Выбрать главу

Матросы довольны были моей беседой. Они отвели меня в какую-то директорскую каюту, из трех отделений, где имелась даже особая ванна, и отдали ее в мое распоряжение на ночлег.

На другой день, вечером, в огромном зале инженерного училища я должен был прочитать лекцию. Я остановился на большевизме, в свете ницшеанской философии, но, правду сказать, поставленную мною кверху ногами. Мне казалось, и до сих пор кажется, что применение к большевизму ницшеанства — наиболее подходящая его философия.

Перед началом лекции я был приглашен к Кронсовет. Мне оказали честь, отведя место на трибуне, у президиума, и я, в кратком слове приветствуя Кронштадт, высказал несколько пространнее о грядущем коммунизме то, что намечено было мною в беседе с матросами «Народовольца».

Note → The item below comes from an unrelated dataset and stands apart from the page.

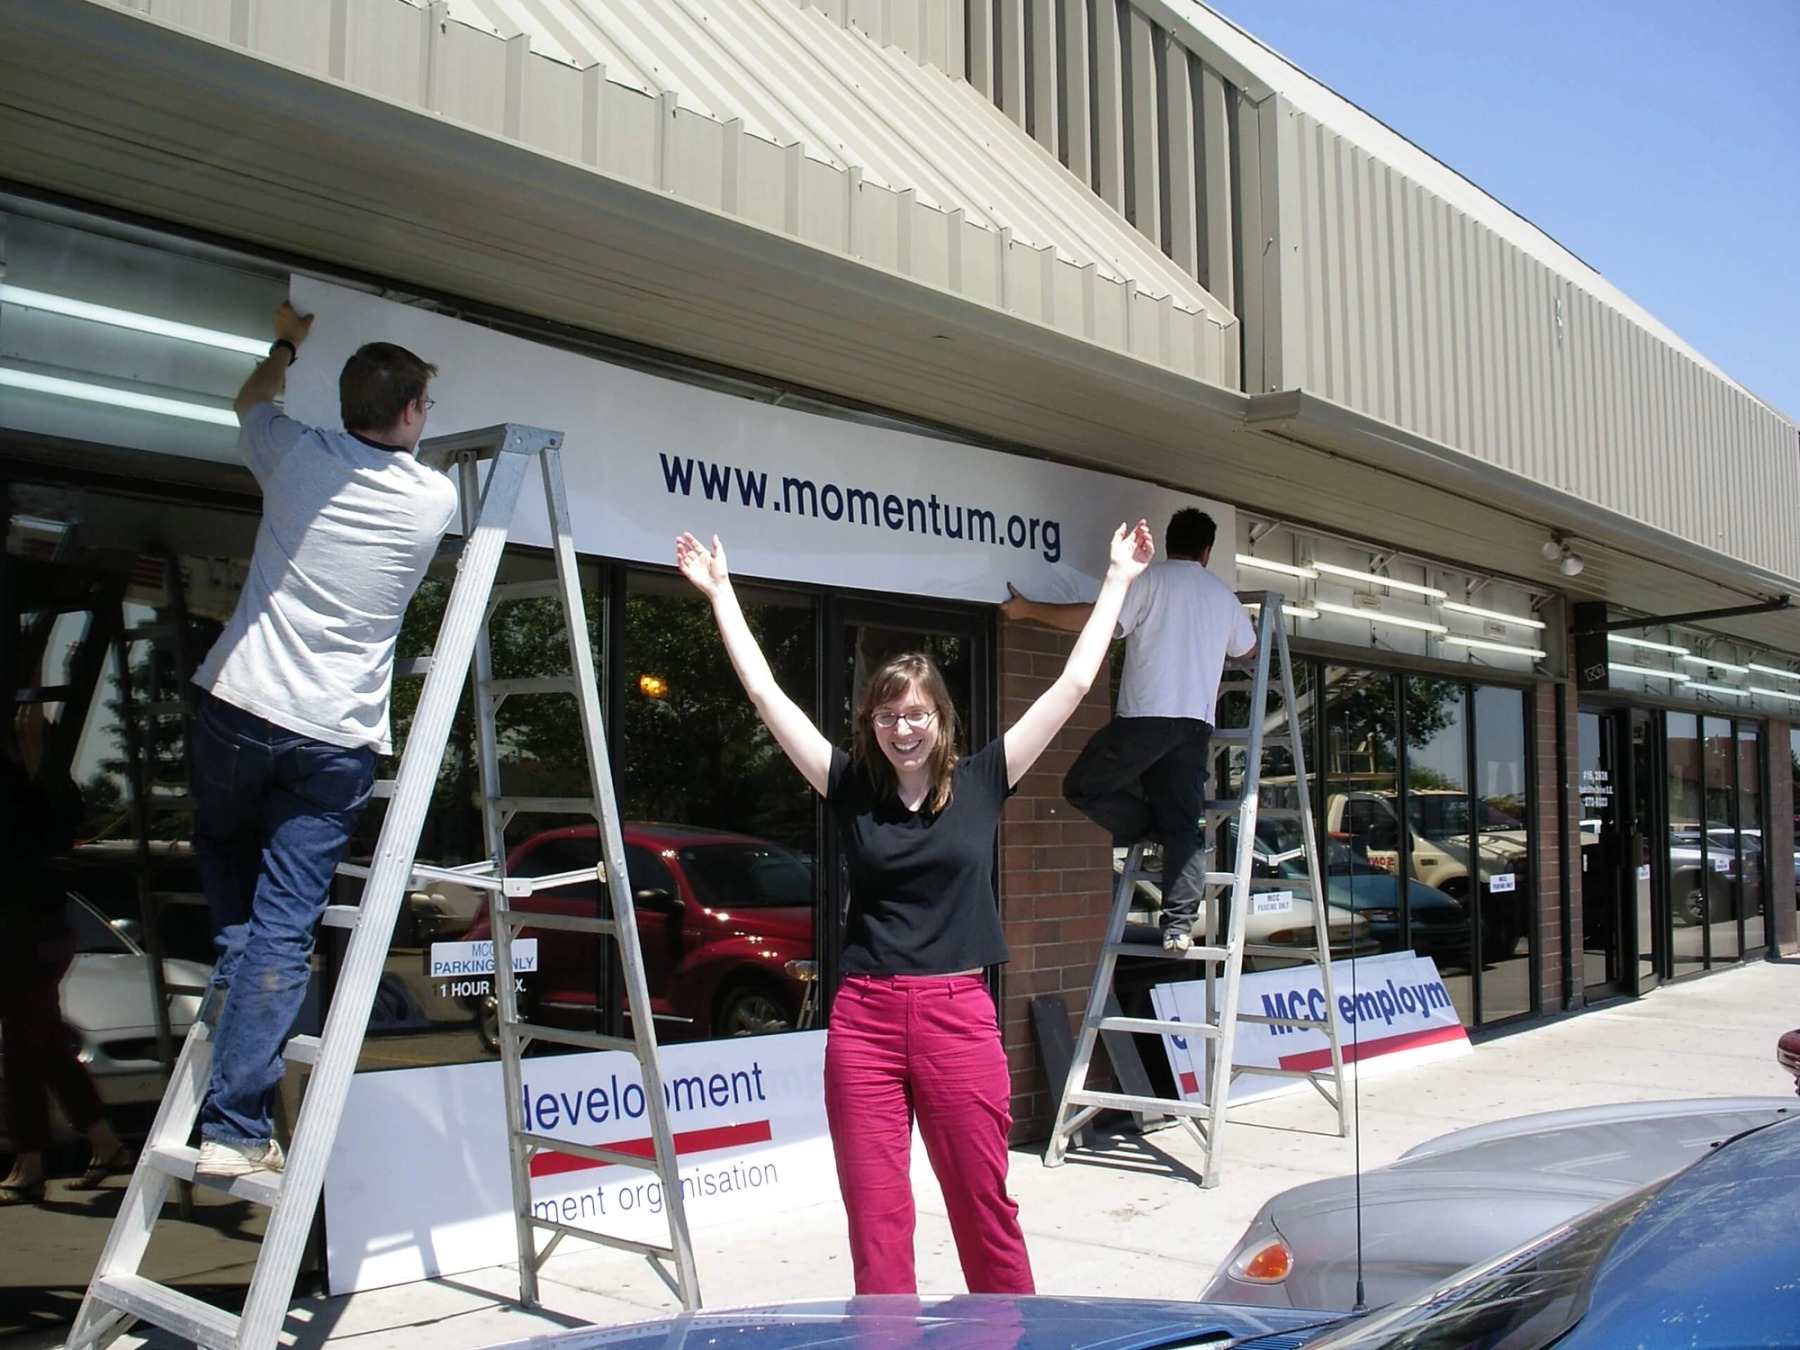 A woman in a black shirt and pink pants smiles and waves as two signage workers hang a sign reading "www.momentum.org" on the building behind her.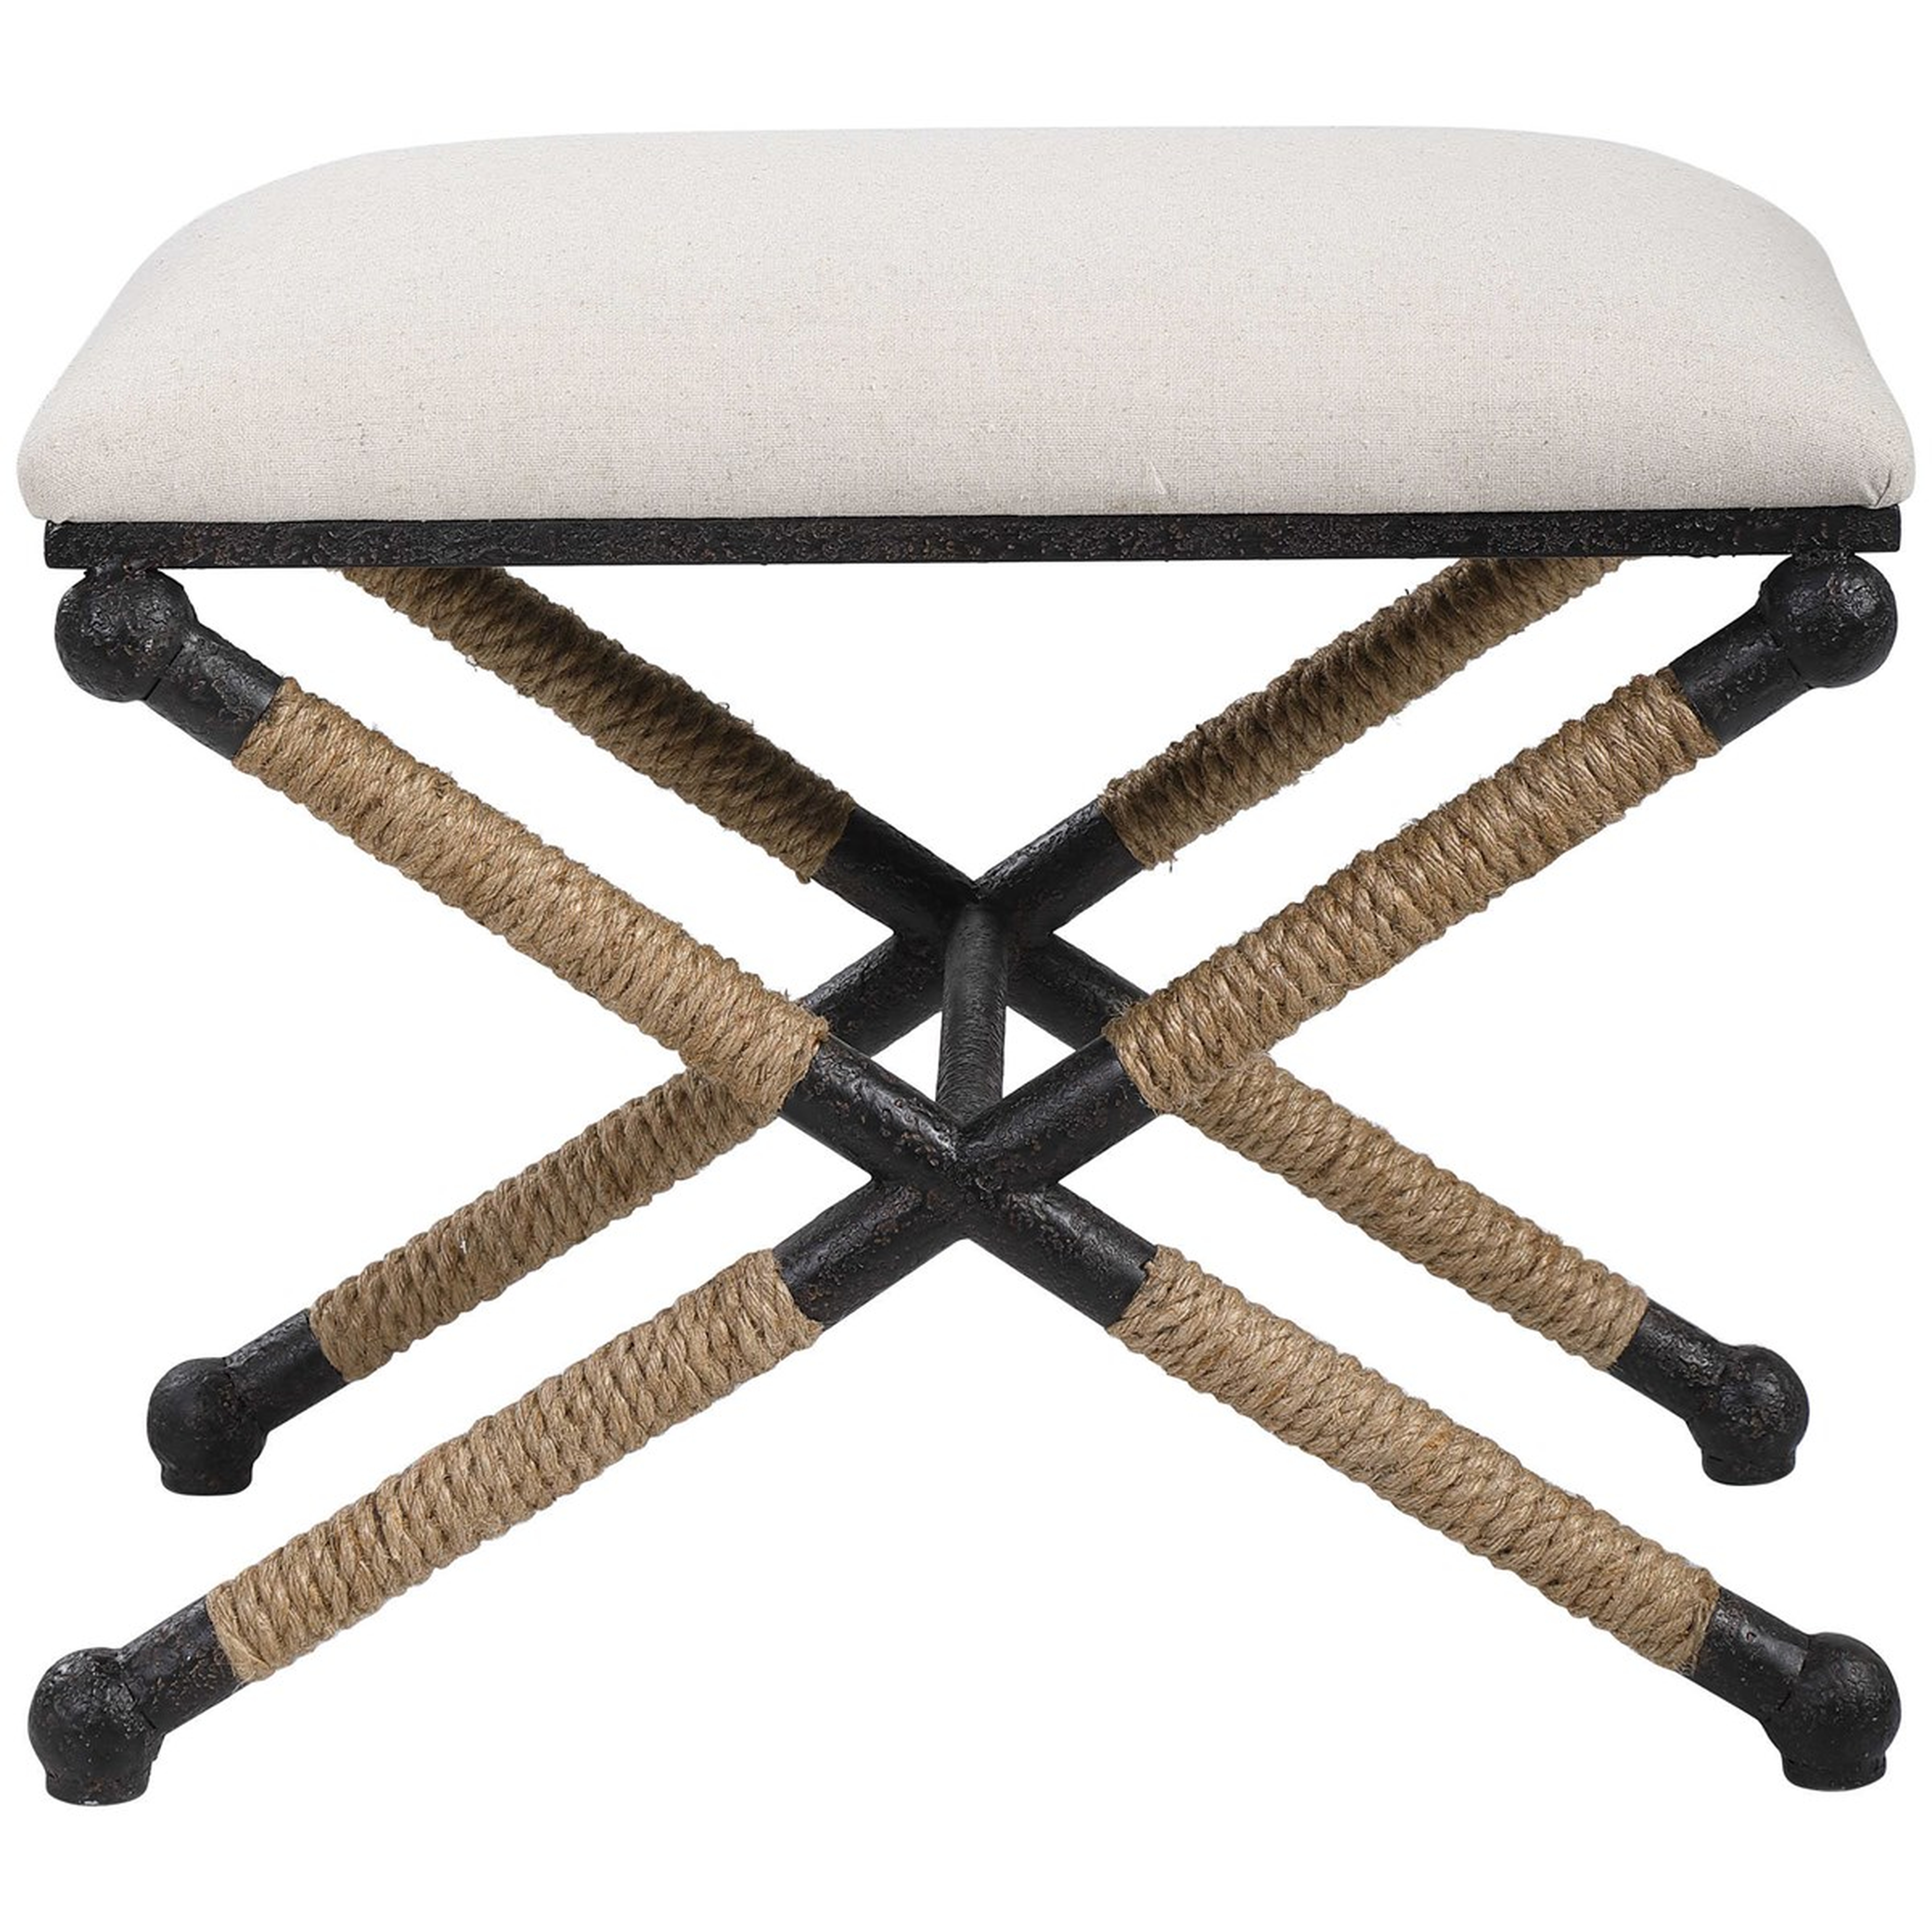 Firth Small Bench, Oatmeal - Hudsonhill Foundry

Состав Кронсовета был в партийном отношении преимущественно эс-эровский. Но в то военное время еще не — обострялись партийные расхождения, по крайней мере в Кронштадте. Масса матросов, причисляя себя в эс-эрам, благодаря производившейся усердной агитации партийных работников, не отделяли себя в то же время от большевиков, и, когда мною было произнесено с трибуны Кронсовета, что очень скоро разовьется, если уже не развивается, над русскою страною, в первую голову, коммунистическое знамя, в рядах членов совета произошло движение, и эти слова были встречены рукоплесканиями, и только часть депутатов хранила молчание.

Голос у меня небольшой, и меня страшила колоссальность зала. Афиши были развешены только утром, но публики, тем не менее, было много. Зато погода с утра и до полночи неистовствовала. Это был настоящий шторме Только Виктор Гюго мог бы передать переливы громов, ураганных раскатов и стоны и вой бури, которая, как шутили матросы, тоже прилетела послушать, что я буду говорить о большевизме.

Три часа с перерывами читал я лекцию и, чем дальше, тем я больше убеждался, что меня слушают, что буря не мешает, а, напротив, как-то поднимает настроение и лектора и слушателей, и что в зале, очевидно, великолепный резонанс. Матросы, сидевшие на последней скамейке, у задней стены, передавали мне потом, к моей великой радости, что ими не было упущено ни одного слова.

Ночью в моей каюте несколько матросов, угощая мня чаем, рассказали мне подробности кронштадтского избиения морских офицеров.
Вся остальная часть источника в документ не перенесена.